The wedding was beautiful. My dress was gorgeous; Grandma did a wonderful job. We even had everyone lined up on the steps outside the church after the wedding, and they blew bubbles at us as Ron and I stepped down to the truck. Everyone was so very happy for us, and we were so very extremely happy.

And even though Ron was laid off from his wonderful-paying job six months after we got married, we've managed to remain happy together, in spite of financial difficulty.

Two years have gone by since we got married. Some have asked when we're going to start a family. We just tell them that this is not the right time to start a family; we need to be able to take care of us first, get a place to live where we would actually have room for more than just one of us, be able to buy clothes once in a while, etc. (The apartment we live in is meant for just one person, not two.)
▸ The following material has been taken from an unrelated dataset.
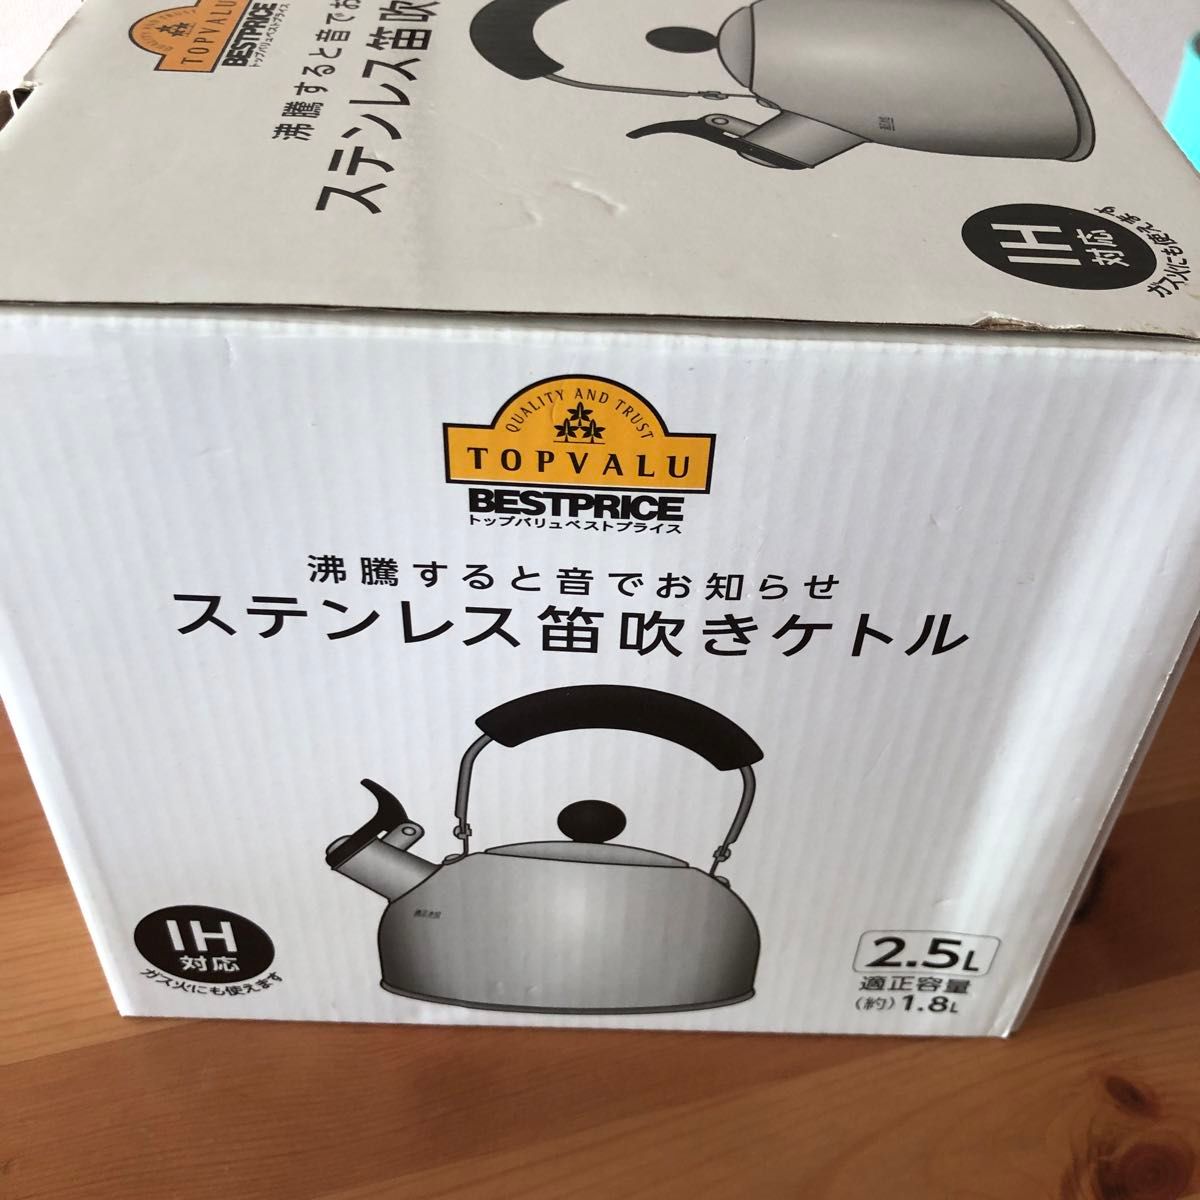 【2.5L】大容量ケトル やかん IH&直火OK 麦茶作りに最適

We have the rest of our lives together, and when it's the right time, God will allow us to conceive and give life to a new generation of Olsons. Until then, we're giving thanks to God for giving us the years he has and for all the years he will give us together in the future.


TKls2myhrt said...

I loved reading your story about getting married. I could really relate to the comment that if your mother had had the opportunity, she would have overtaken your plans. That sure happened to me, but I was too overwhelmed by all the plans to object much. It still turned out fine, but I am much more of the do-it-yourself, creative type. I would have liked to have done things exactly like you did. However, in the long run, it doesn't really matter how the wedding was. Ten or twenty years into marriage, you don't often think about your wedding day. Love and commitment play a much bigger part. Thanks for telling the story!

Olivia A. Johns said...

Hi! I came across your blog when I googled "LCMS Pre-Marriage Counseling"... and I wanted to say thanks. First, for being a writer: I'm one as well, and know how good it feels to know what you've shared has made a difference. My boyfriend and I are not "officially" engaged for financial reasons (even though I'd be PERFECTLY happy with a 25 cent plastic ring from the local Pizza Hut), but we are meeting with my Pastor tonight to talk about pre-marriage schtuff. :) Anyway, I'll stop going on about me and finish saying what I intended to five minutes ago! Thank you for sharing such an important part of your relationship. It's helped me re-focus my prayer today, and maybe even push off an anxiety attack! :) Thanks, again, and God bless!